Но наконец другой молодой физик, Фримен Дайсон, показал, как подход Фейнмана соотносится с обычным, и он постепенно прижился. Кое-кто, включая самого Марри, полагал, что, быть может, метод Фейнмана, его интегралы по траекториям и диаграммы, а не Ньютонов подход с применением дифференциальных уравнений, есть подлинная основа всей физической теории.

Среди физиков Фейнман был легендарен, но Марри, хоть и более человечен, все же оказал большее влияние на направление развития своей области науки. А все потому, что Марри, всегда стремившийся к порядку и контролю, желал себе роли вожака. Фейнман ее избегал, предоставляя своим работам говорить за себя.

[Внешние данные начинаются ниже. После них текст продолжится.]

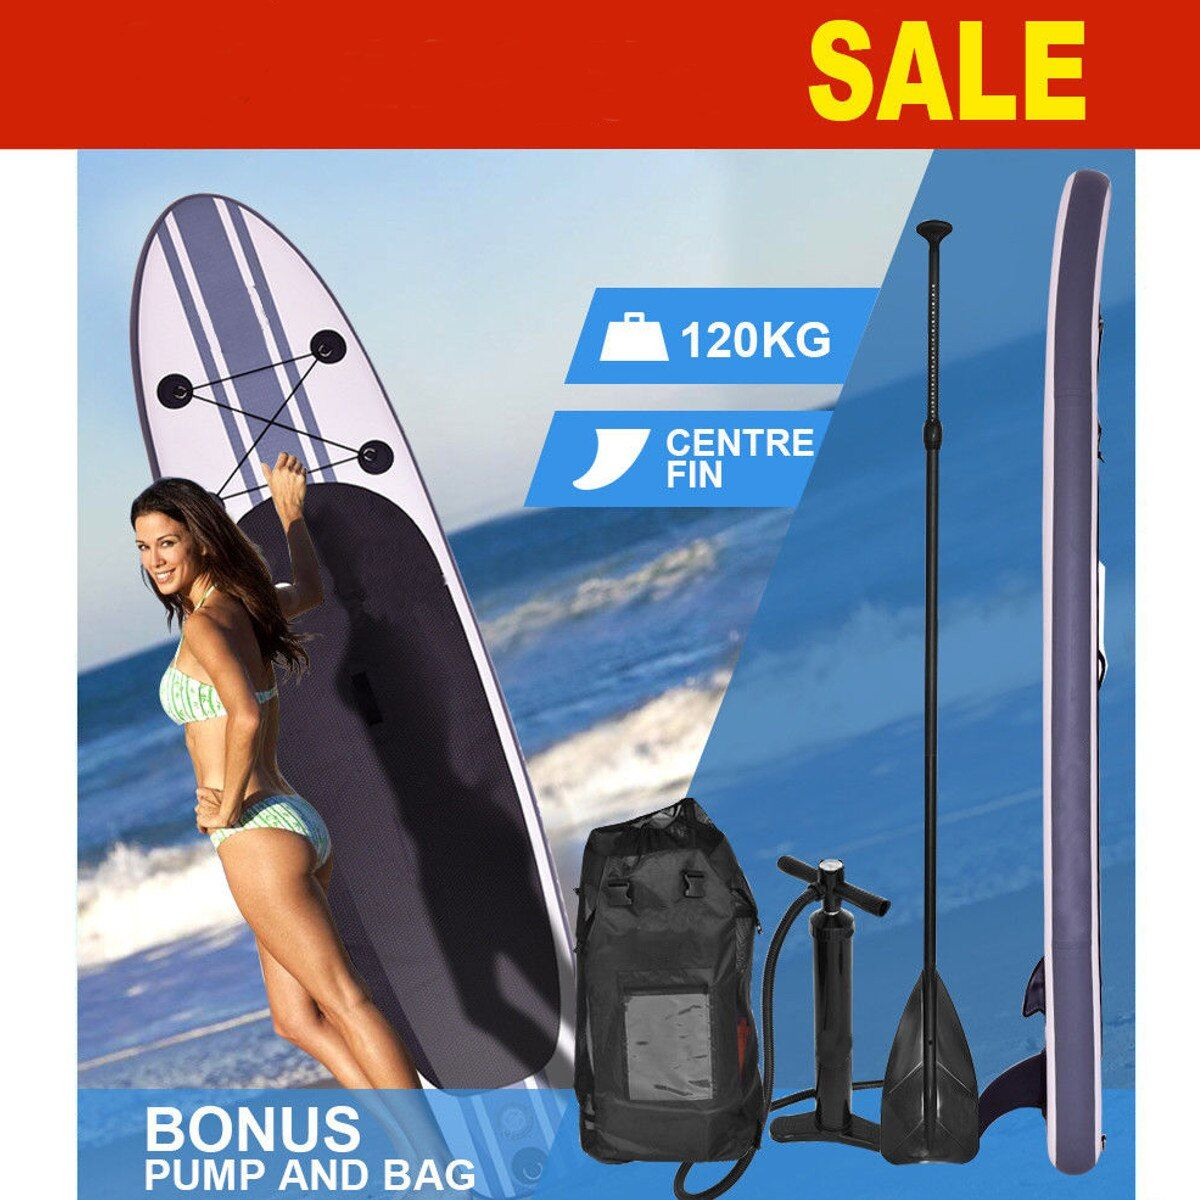 Gofun hergestellt 335*76*15 cm Stand Up Paddle Surfbrett Aufblasbare Bord SUP Set Welle Reiter + Pumpe aufblasbare surf board paddel boot

И при чем тут я, спрашивается?

Корень моего успеха – в моей докторской диссертации и в нескольких статьях, написанных в соавторстве с коллегой по последиссертационной работе – Никосом Папаниколау из Греции. Как и Фейнман, мы с Ником исследовали возможность соединить квантовый и классический миры: открыли, что квантовый мир был бы похож на наш, классический, если бы мы жили во Вселенной с гораздо большим числом измерений, чем три пространственных, к которым все привыкли. Затем мы показали, как определенные задачи атомной физики легко бы решились, если бы мир был бесконечномерен. И наконец, мы продемонстрировали, как уравновесить ложную предпосылку бесконечного числа измерений, и нашли ответы, правильные и соотносимые с нашим трехмерным миром. Когда пыль улеглась, я сам поразился точности нашего подхода. Но главное, я гордился оригинальностью нашего мышления.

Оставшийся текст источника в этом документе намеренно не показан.